Farmer's earnings: Farmers often earn below the poverty line, even with exploitative labor practices.
Commodity volatility: Cocoa prices fluctuate significantly, leading farmers to seek cost-cutting measures.
Fair Trade Movement
Definition: Fair trade programs ensure farmers in developing nations receive equitable prices for their crops.
Certification Organizations: TransFair USA certifies fair trade cocoa, promoting safe and environmentally friendly practices.
Pricing of fair trade products: Fair trade chocolate costs more (e.g., $3.49 for a fair trade candy bar vs. $1.84 for standard); higher prices due to niche marketing and demand.
Supply chain profits: Critics argue that farm workers only receive a small fraction of the premium charged for fair trade products.
Ethical Considerations in Business
Ethical behavior: Defined by individual beliefs about right and wrong, influenced by societal norms.
Managerial ethics: Guide behavior in three areas: toward employees, organization, and other economic agents.
Whistleblowing: Employees reporting unethical behavior face risks, but laws protect their rights to report misconduct.
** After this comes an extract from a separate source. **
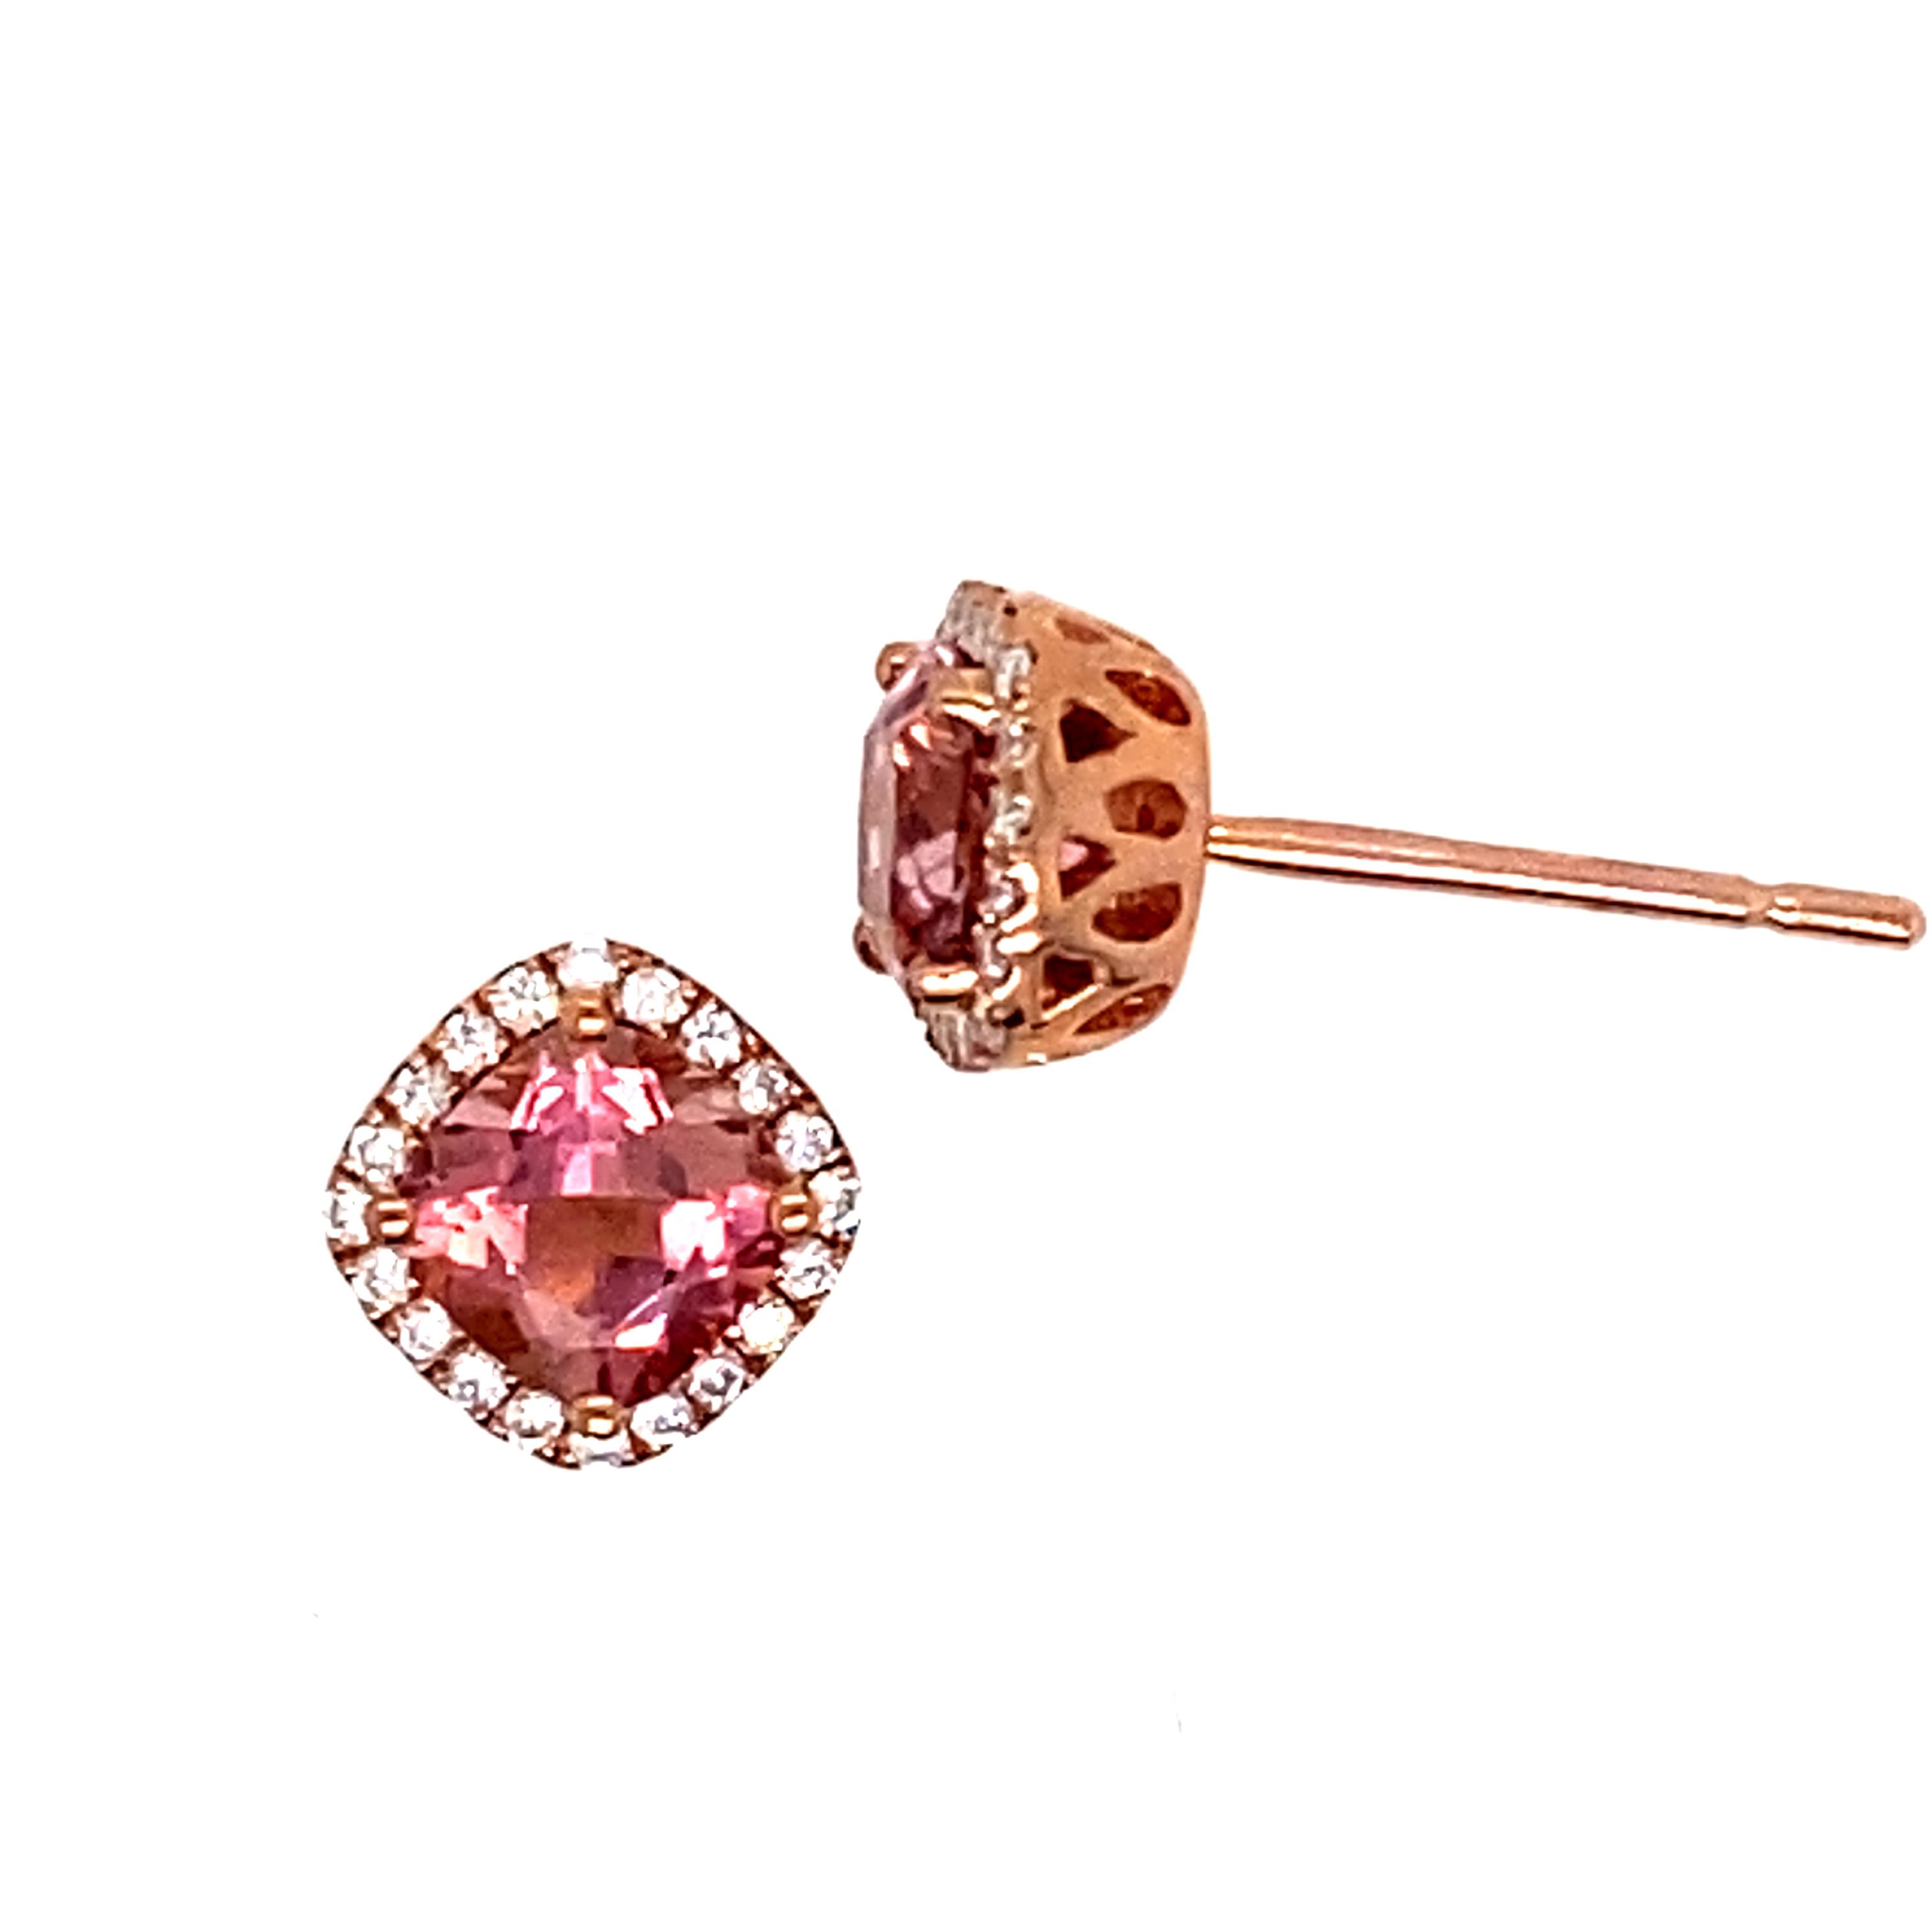 9 Carat Rose Gold, Pink Tourmaline and Diamond Studs

Ethics in Advertising and Consumer Responsibility
Consumer rights: Established by the Consumer Bill of Rights; includes the right to safety, information, choice, and to be heard.
Controversies in advertising: Examples include misleading labels (e.g., 'free range'), ethical dilemmas in promoting harmful products.
Corporate scandals: The Vioxx case as an example of violations leading to corporate crises and recalls.
Social Responsibility Framework
Definition: The effort of a business to balance commitments to various stakeholders, including customers, employees, investors, suppliers, and local communities.
Primary focus areas: 1. Environmental issues (pollution and sustainability), 2. Customer rights, 3. Employee treatment, 4. Investment ethics.
Stakeholder identification: Groups directly affected by a company's practices include employees, customers, and the surrounding community.
Corporate Foundations and Philanthropy
Role of philanthropy: Many corporations allocate funding to charities and social initiatives, emphasizing their commitment to social responsibilities.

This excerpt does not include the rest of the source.